3. Dom Tree Construction
The entire DOM tree is composed of these element objects combined with the token conversion Htmlxxxelement object in the whole state change above, and the composition process is implemented using the data structure of the stack (last in first out), the HTML document is nested and has high symmetry, This is quite in agreement with the characteristics of the stack. The Htmlelementstack object is the stack, M_top is its member, it points to the top of the stack, and the type is Elementrecord. The Elementrecord contains two members, one is M_item (type: Htmlstackitem), the element is stored, the other M_next (type: Elementrecord), points to the next element in the stack, and strings the entire stack together. The above content is also described in the class diagram in section Ii.
As I said earlier, Processtoken will call different processxxx functions according to the type of token, and when Type=starttag, call the Processstarttag function, Generate the corresponding Htmlxxxelement object according to the token name, then call Attachlater to create a deferred task Task,task type is insert (Insert node), The Task.parent (parent node) is assigned the element stored by the top of the stack as the node,task.child of the currently inserted DOM tree, and the element object is then used to generate the Elementrecord object and press it into the stack. When Type=endtag, call the Processendtag function to remove the Elementrecord object that corresponds to the token name from the stack.

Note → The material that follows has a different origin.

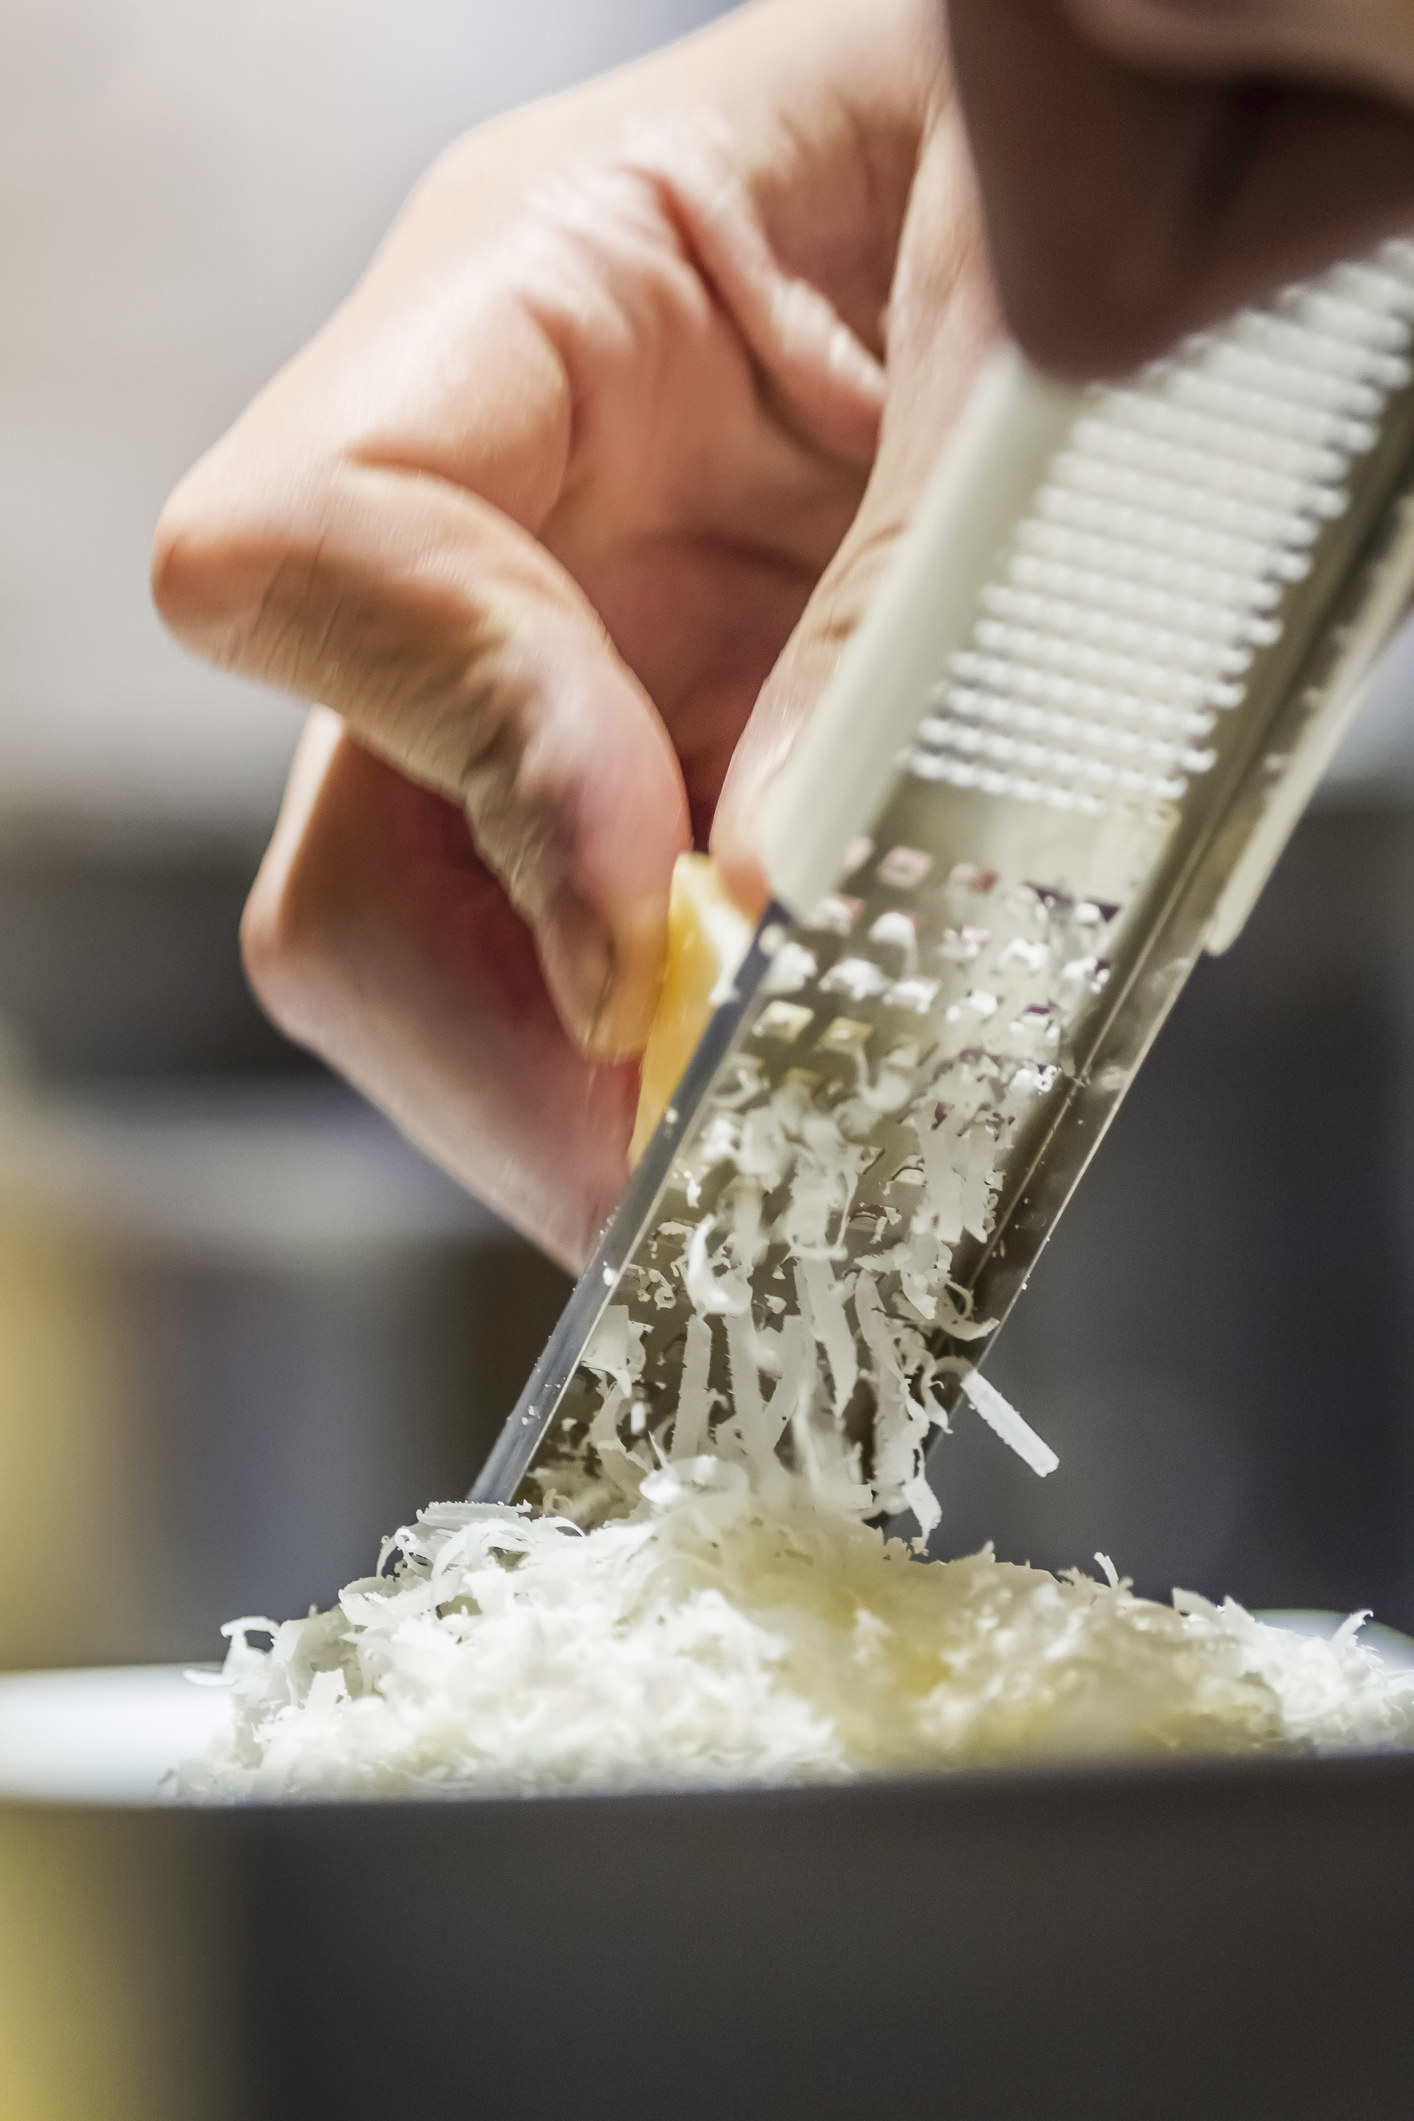 Close up of male hand grating parmesan cheese.

After executing Processtoken, call Executequeuedtasks to process the task generated in the previous step, and finally call Task.parent->appendchildcommon after several layers of calls to insert element into the DOM tree. Its function is defined as follows:
void Containernode::appendchildcommon (node& child)
{
Child.setparentorshadowhostnode (this);
if (m_lastchild) {
child.setprevioussibling (m_lastchild);
M_lastchild->setnextsibling (&child);
} else {
setfirstchild (&child);
}
Setlastchild (&child);
}
When M_lastchild==null (and when the parent node first inserts the node), M_firstchild is assigned to child, and M_lastchild is assigned to child. When M_lastchild!=null, assigns the child.m_previous to M_lastchild, assigns m_lastchild.m_next to child, and updates the M_lastchild value to child.
dom Tree build process diagram: after inserting the first node (Htmlhtmlelement object), the DOM tree is as follows, where HTMLDocument is the root node of the entire document: After inserting the second node (Htmlheadelement object), The DOM tree is as follows: After inserting the third node (htmlbodyelement), the DOM tree is as follows: After inserting a fourth node (Htmldivelement object) The DOM tree is as follows:
These are the entire DOM tree creation process.